Source data
- - -

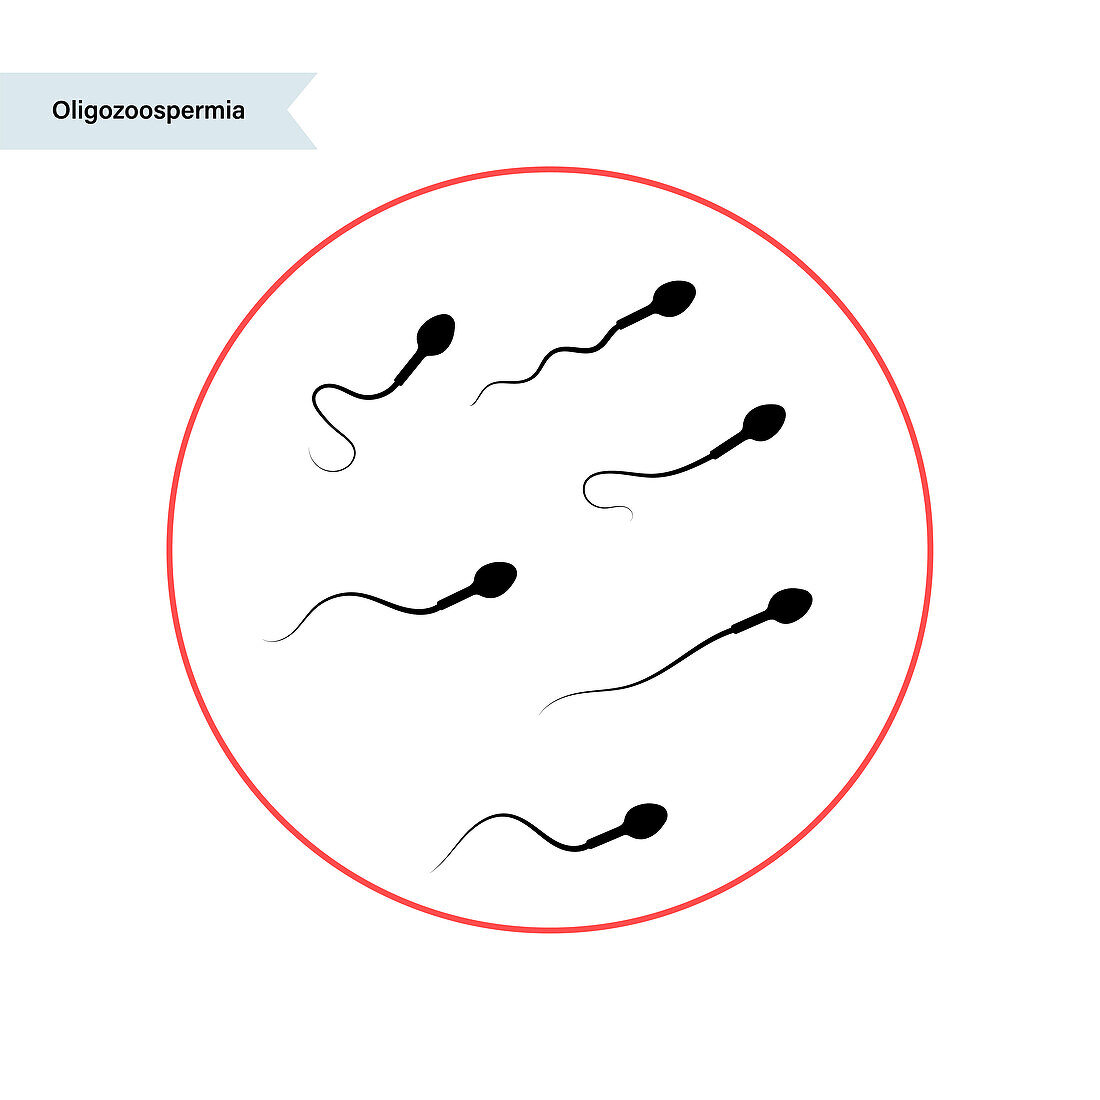 Abnormal sperm, illustration
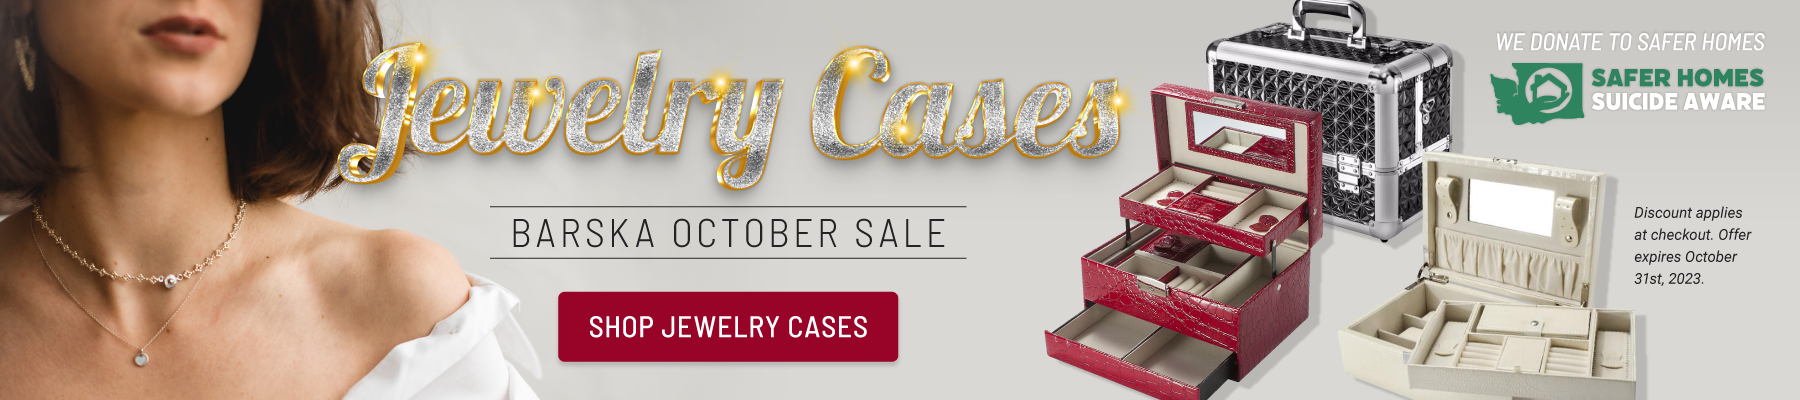 Barska Jewelry Cases October Sale
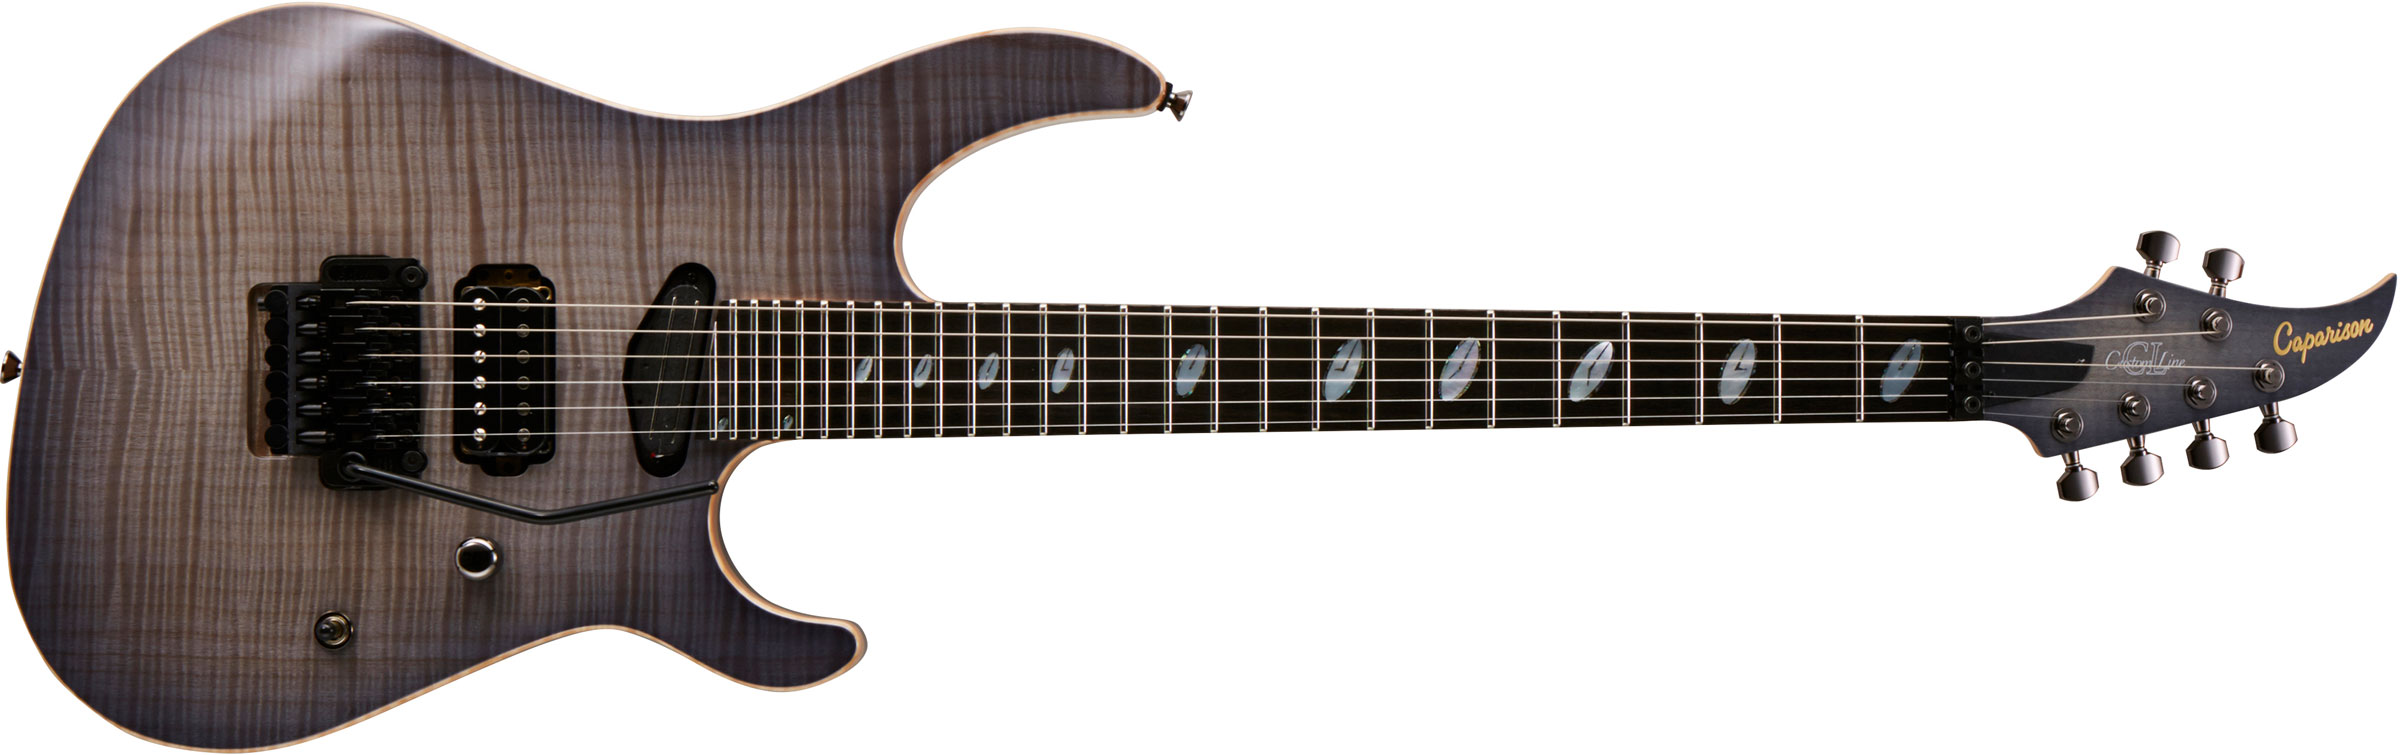 Caparison Guitars Horus-M3B Custom Line 日本語

- - -

About this exercise
The reply must consist of the complete listing, reproduced exactly, with no images.

Task response
 Abnormal sperm, illustration
 Barska Jewelry Cases October Sale
 Caparison Guitars Horus-M3B Custom Line 日本語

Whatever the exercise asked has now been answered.